- Exercise
Write the entries out again. Every character must match.

- Stored data
--

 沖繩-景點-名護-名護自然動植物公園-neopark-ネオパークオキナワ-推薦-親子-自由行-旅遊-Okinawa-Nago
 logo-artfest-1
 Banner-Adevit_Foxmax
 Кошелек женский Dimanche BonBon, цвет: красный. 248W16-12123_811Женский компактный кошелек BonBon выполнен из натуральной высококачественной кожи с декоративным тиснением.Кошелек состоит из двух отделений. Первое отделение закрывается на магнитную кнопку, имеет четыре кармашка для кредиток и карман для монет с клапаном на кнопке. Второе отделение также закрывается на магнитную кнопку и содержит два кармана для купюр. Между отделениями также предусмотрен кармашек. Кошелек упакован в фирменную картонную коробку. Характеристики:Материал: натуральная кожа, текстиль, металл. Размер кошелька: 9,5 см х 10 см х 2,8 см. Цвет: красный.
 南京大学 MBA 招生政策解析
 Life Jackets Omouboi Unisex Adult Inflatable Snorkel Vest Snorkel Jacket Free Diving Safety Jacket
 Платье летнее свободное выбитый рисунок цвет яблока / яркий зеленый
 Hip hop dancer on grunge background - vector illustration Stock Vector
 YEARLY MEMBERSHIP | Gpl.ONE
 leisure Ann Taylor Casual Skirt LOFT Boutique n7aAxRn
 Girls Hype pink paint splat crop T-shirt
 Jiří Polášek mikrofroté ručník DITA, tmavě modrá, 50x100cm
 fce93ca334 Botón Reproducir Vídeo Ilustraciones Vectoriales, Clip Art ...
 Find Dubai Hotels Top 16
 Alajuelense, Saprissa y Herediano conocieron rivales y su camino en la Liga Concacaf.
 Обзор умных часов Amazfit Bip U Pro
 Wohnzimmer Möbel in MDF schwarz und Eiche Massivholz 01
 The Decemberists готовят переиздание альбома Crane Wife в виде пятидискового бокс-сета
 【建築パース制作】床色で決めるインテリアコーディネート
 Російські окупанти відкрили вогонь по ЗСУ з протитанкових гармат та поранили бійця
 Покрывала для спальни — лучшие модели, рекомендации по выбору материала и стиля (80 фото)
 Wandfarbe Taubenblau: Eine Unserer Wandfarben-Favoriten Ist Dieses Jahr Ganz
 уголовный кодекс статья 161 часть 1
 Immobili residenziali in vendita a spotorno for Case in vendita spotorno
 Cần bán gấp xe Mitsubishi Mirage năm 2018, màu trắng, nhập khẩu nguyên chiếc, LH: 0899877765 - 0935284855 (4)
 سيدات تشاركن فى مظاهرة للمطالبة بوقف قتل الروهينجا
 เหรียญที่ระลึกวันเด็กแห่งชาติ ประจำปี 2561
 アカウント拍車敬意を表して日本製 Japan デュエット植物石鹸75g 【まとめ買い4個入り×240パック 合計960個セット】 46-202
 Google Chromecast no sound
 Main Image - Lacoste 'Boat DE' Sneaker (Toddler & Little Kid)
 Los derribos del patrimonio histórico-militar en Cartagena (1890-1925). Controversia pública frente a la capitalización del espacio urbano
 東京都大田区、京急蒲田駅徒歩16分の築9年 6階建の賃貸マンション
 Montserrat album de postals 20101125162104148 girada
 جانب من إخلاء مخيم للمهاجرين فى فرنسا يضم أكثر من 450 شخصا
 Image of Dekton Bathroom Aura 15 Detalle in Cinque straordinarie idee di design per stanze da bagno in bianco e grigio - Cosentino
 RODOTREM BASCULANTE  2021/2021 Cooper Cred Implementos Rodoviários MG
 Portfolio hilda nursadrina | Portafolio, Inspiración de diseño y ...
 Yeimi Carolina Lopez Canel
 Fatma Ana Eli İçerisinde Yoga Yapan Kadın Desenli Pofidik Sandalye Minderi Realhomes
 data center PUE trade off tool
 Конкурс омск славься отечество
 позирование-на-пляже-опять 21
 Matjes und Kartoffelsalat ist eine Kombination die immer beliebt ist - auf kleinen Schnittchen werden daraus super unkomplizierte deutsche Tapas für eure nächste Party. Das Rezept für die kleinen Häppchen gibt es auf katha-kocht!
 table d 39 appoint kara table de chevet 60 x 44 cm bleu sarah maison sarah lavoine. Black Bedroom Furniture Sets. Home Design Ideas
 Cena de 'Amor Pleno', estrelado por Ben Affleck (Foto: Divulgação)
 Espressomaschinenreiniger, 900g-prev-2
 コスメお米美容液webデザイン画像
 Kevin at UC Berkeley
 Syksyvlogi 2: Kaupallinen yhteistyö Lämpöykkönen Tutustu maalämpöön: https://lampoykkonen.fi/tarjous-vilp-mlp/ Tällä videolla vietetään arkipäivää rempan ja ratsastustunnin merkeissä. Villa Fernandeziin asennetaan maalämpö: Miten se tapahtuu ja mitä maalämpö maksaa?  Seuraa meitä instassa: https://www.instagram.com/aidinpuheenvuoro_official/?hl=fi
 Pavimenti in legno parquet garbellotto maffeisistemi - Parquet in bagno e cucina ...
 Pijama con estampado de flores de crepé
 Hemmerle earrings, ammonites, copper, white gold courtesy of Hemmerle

--

- Solution to this problem
 沖繩-景點-名護-名護自然動植物公園-neopark-ネオパークオキナワ-推薦-親子-自由行-旅遊-Okinawa-Nago
 logo-artfest-1
 Banner-Adevit_Foxmax
 Кошелек женский Dimanche BonBon, цвет: красный. 248W16-12123_811Женский компактный кошелек BonBon выполнен из натуральной высококачественной кожи с декоративным тиснением.Кошелек состоит из двух отделений. Первое отделение закрывается на магнитную кнопку, имеет четыре кармашка для кредиток и карман для монет с клапаном на кнопке. Второе отделение также закрывается на магнитную кнопку и содержит два кармана для купюр. Между отделениями также предусмотрен кармашек. Кошелек упакован в фирменную картонную коробку. Характеристики:Материал: натуральная кожа, текстиль, металл. Размер кошелька: 9,5 см х 10 см х 2,8 см. Цвет: красный.
 南京大学 MBA 招生政策解析
 Life Jackets Omouboi Unisex Adult Inflatable Snorkel Vest Snorkel Jacket Free Diving Safety Jacket
 Платье летнее свободное выбитый рисунок цвет яблока / яркий зеленый
 Hip hop dancer on grunge background - vector illustration Stock Vector
 YEARLY MEMBERSHIP | Gpl.ONE
 leisure Ann Taylor Casual Skirt LOFT Boutique n7aAxRn
 Girls Hype pink paint splat crop T-shirt
 Jiří Polášek mikrofroté ručník DITA, tmavě modrá, 50x100cm
 fce93ca334 Botón Reproducir Vídeo Ilustraciones Vectoriales, Clip Art ...
 Find Dubai Hotels Top 16
 Alajuelense, Saprissa y Herediano conocieron rivales y su camino en la Liga Concacaf.
 Обзор умных часов Amazfit Bip U Pro
 Wohnzimmer Möbel in MDF schwarz und Eiche Massivholz 01
 The Decemberists готовят переиздание альбома Crane Wife в виде пятидискового бокс-сета
 【建築パース制作】床色で決めるインテリアコーディネート
 Російські окупанти відкрили вогонь по ЗСУ з протитанкових гармат та поранили бійця
 Покрывала для спальни — лучшие модели, рекомендации по выбору материала и стиля (80 фото)
 Wandfarbe Taubenblau: Eine Unserer Wandfarben-Favoriten Ist Dieses Jahr Ganz
 уголовный кодекс статья 161 часть 1
 Immobili residenziali in vendita a spotorno for Case in vendita spotorno
 Cần bán gấp xe Mitsubishi Mirage năm 2018, màu trắng, nhập khẩu nguyên chiếc, LH: 0899877765 - 0935284855 (4)
 سيدات تشاركن فى مظاهرة للمطالبة بوقف قتل الروهينجا
 เหรียญที่ระลึกวันเด็กแห่งชาติ ประจำปี 2561
 アカウント拍車敬意を表して日本製 Japan デュエット植物石鹸75g 【まとめ買い4個入り×240パック 合計960個セット】 46-202
 Google Chromecast no sound
 Main Image - Lacoste 'Boat DE' Sneaker (Toddler & Little Kid)
 Los derribos del patrimonio histórico-militar en Cartagena (1890-1925). Controversia pública frente a la capitalización del espacio urbano
 東京都大田区、京急蒲田駅徒歩16分の築9年 6階建の賃貸マンション
 Montserrat album de postals 20101125162104148 girada
 جانب من إخلاء مخيم للمهاجرين فى فرنسا يضم أكثر من 450 شخصا
 Image of Dekton Bathroom Aura 15 Detalle in Cinque straordinarie idee di design per stanze da bagno in bianco e grigio - Cosentino
 RODOTREM BASCULANTE  2021/2021 Cooper Cred Implementos Rodoviários MG
 Portfolio hilda nursadrina | Portafolio, Inspiración de diseño y ...
 Yeimi Carolina Lopez Canel
 Fatma Ana Eli İçerisinde Yoga Yapan Kadın Desenli Pofidik Sandalye Minderi Realhomes
 data center PUE trade off tool
 Конкурс омск славься отечество
 позирование-на-пляже-опять 21
 Matjes und Kartoffelsalat ist eine Kombination die immer beliebt ist - auf kleinen Schnittchen werden daraus super unkomplizierte deutsche Tapas für eure nächste Party. Das Rezept für die kleinen Häppchen gibt es auf katha-kocht!
 table d 39 appoint kara table de chevet 60 x 44 cm bleu sarah maison sarah lavoine. Black Bedroom Furniture Sets. Home Design Ideas
 Cena de 'Amor Pleno', estrelado por Ben Affleck (Foto: Divulgação)
 Espressomaschinenreiniger, 900g-prev-2
 コスメお米美容液webデザイン画像
 Kevin at UC Berkeley
 Syksyvlogi 2: Kaupallinen yhteistyö Lämpöykkönen Tutustu maalämpöön: https://lampoykkonen.fi/tarjous-vilp-mlp/ Tällä videolla vietetään arkipäivää rempan ja ratsastustunnin merkeissä. Villa Fernandeziin asennetaan maalämpö: Miten se tapahtuu ja mitä maalämpö maksaa?  Seuraa meitä instassa: https://www.instagram.com/aidinpuheenvuoro_official/?hl=fi
 Pavimenti in legno parquet garbellotto maffeisistemi - Parquet in bagno e cucina ...
 Pijama con estampado de flores de crepé
 Hemmerle earrings, ammonites, copper, white gold courtesy of Hemmerle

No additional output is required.